## [Requirement]
Copy out every line of the data exactly; do not include the images.

--- Data section ---

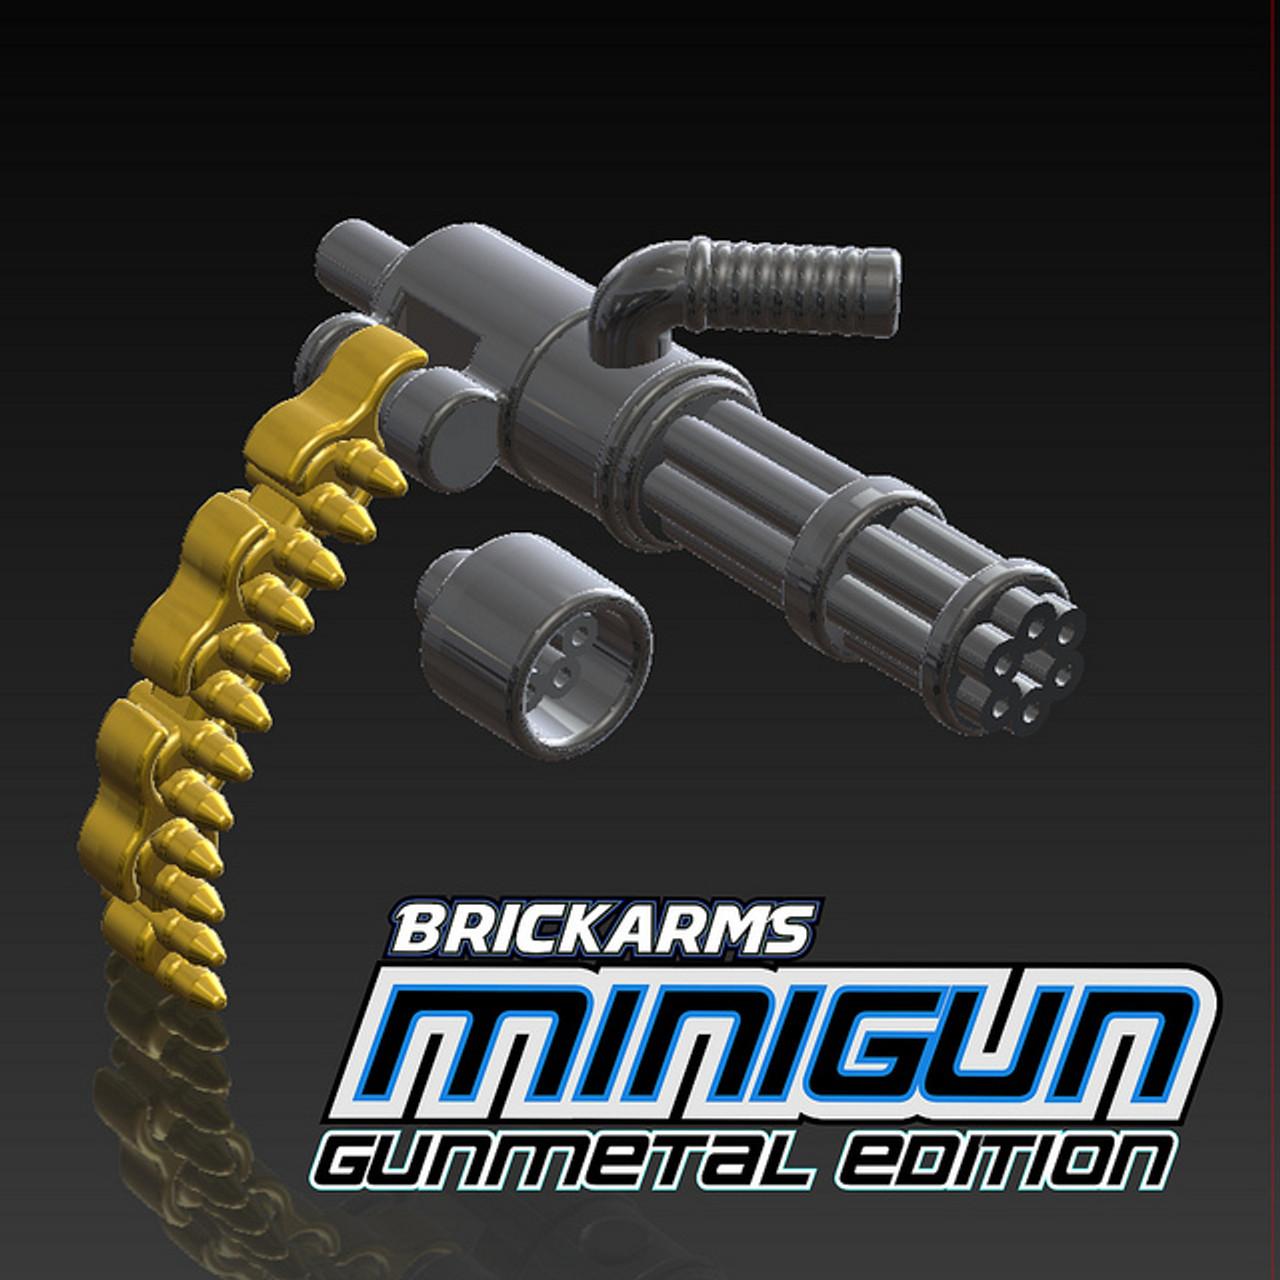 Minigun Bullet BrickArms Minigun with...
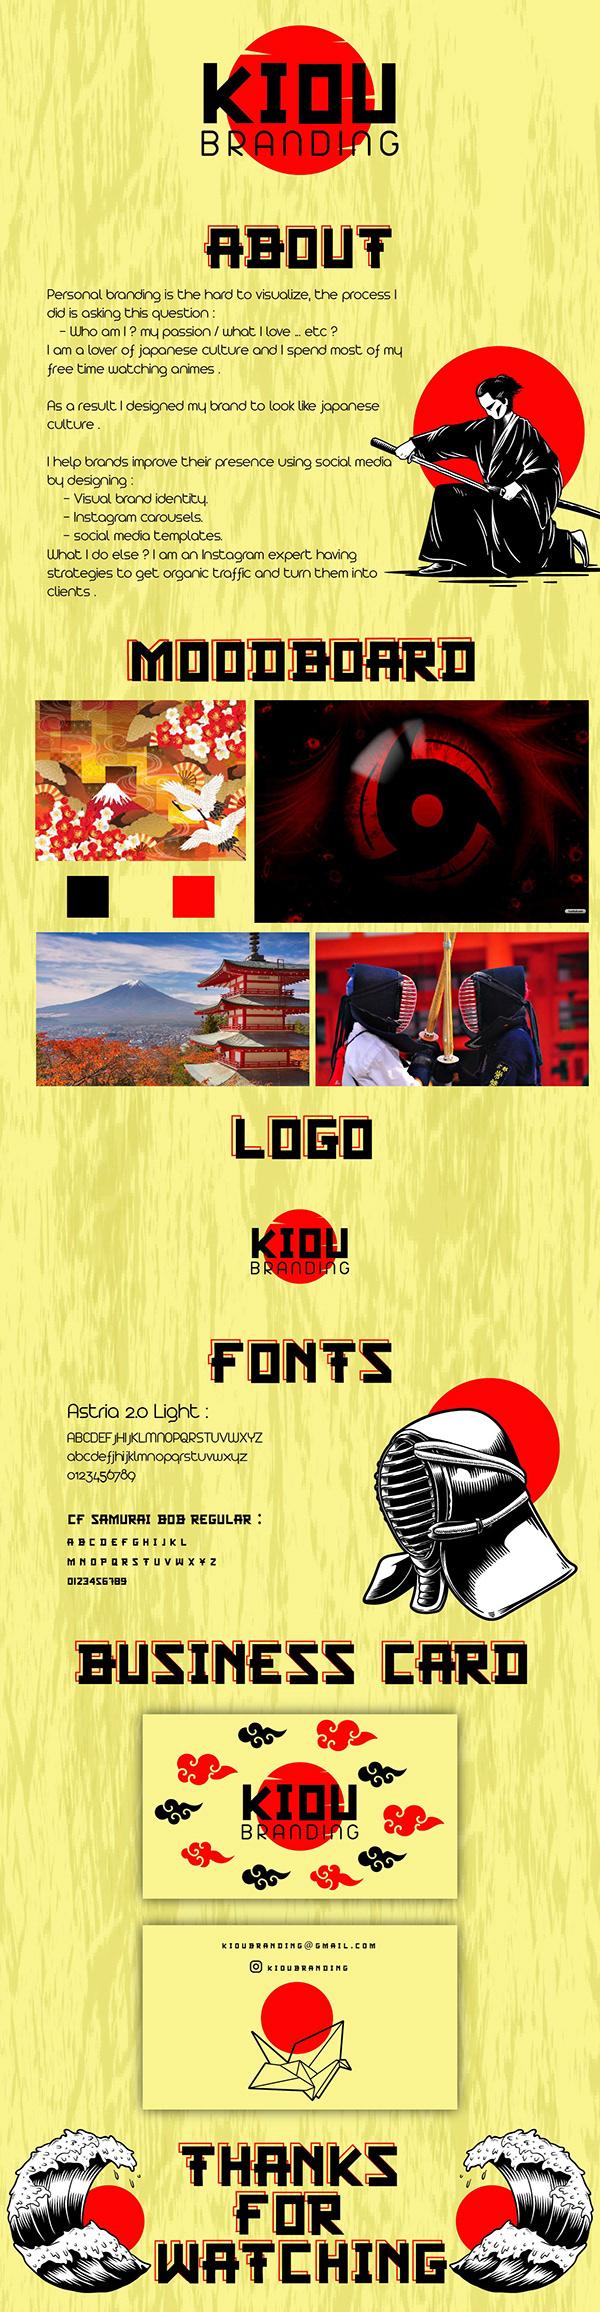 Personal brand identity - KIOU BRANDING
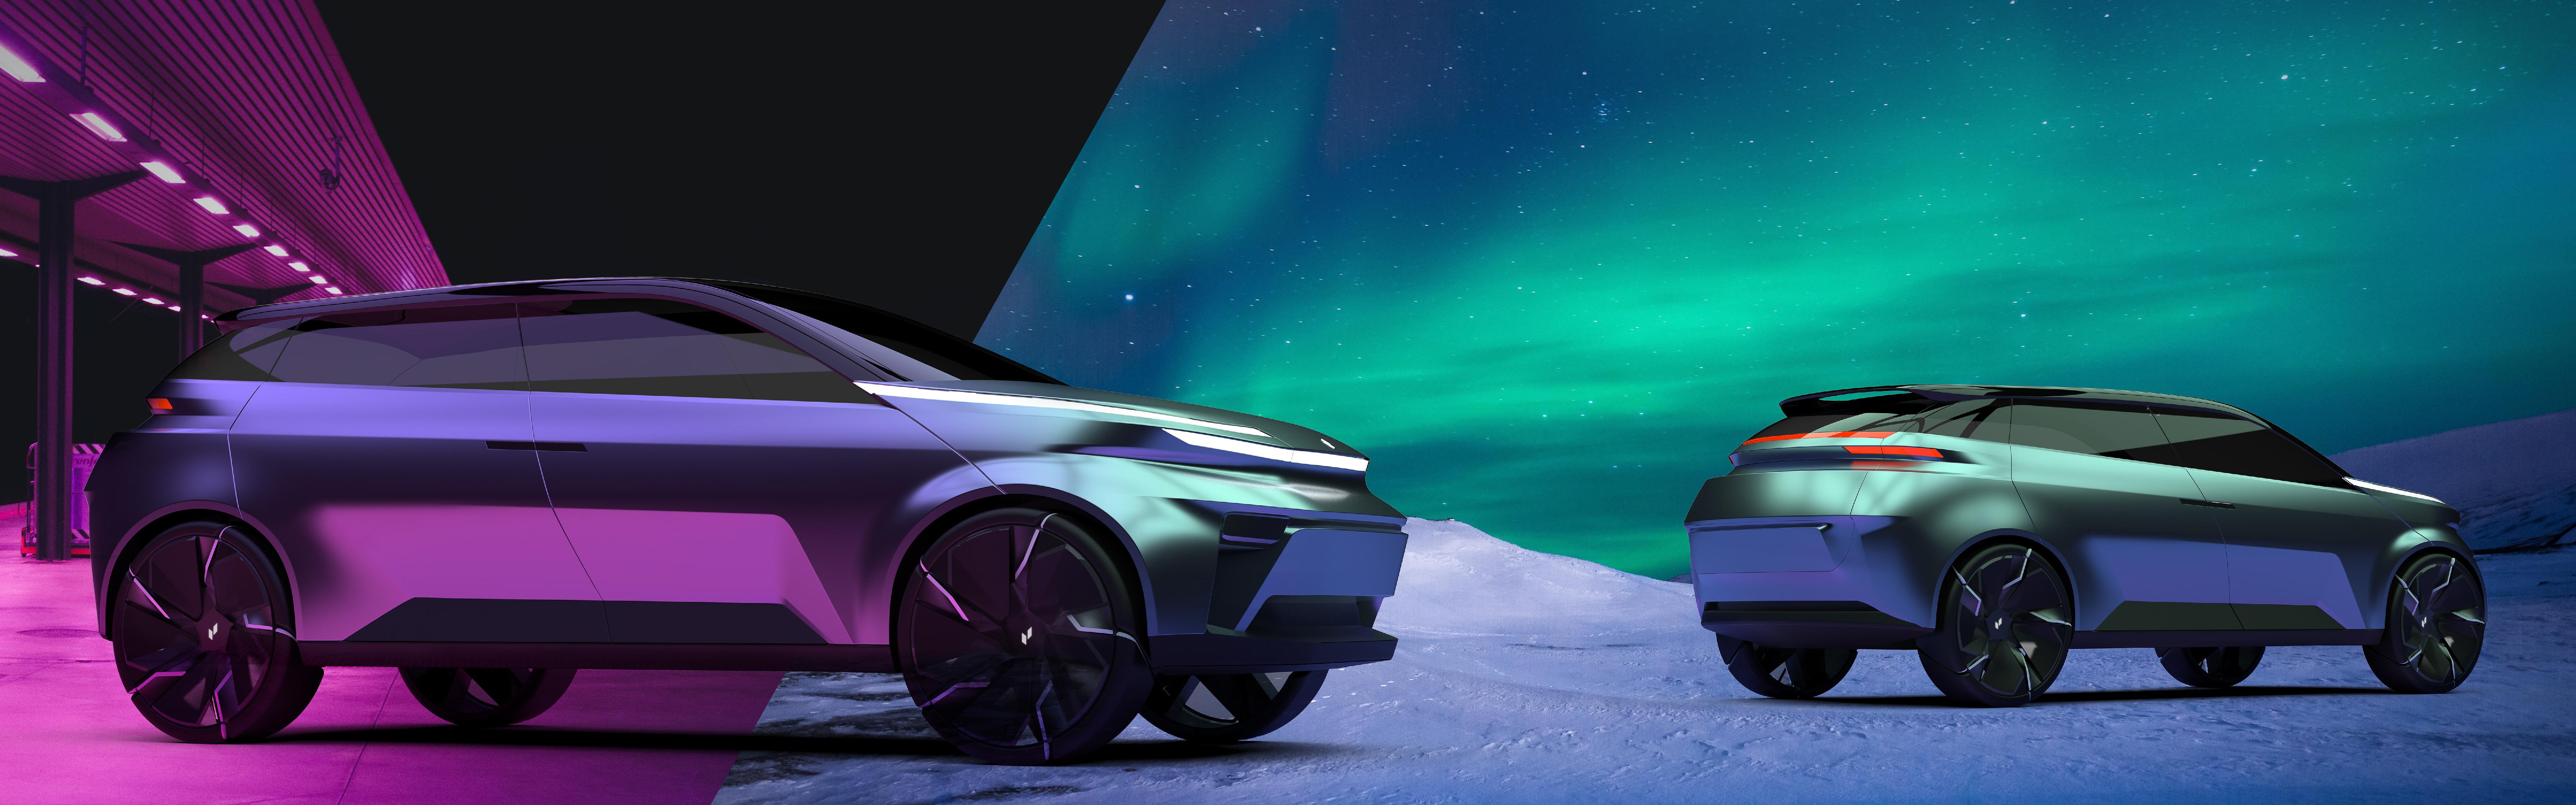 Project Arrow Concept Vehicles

---

## [Answer to the problem]
 Minigun Bullet BrickArms Minigun with...
 Personal brand identity - KIOU BRANDING
 Project Arrow Concept Vehicles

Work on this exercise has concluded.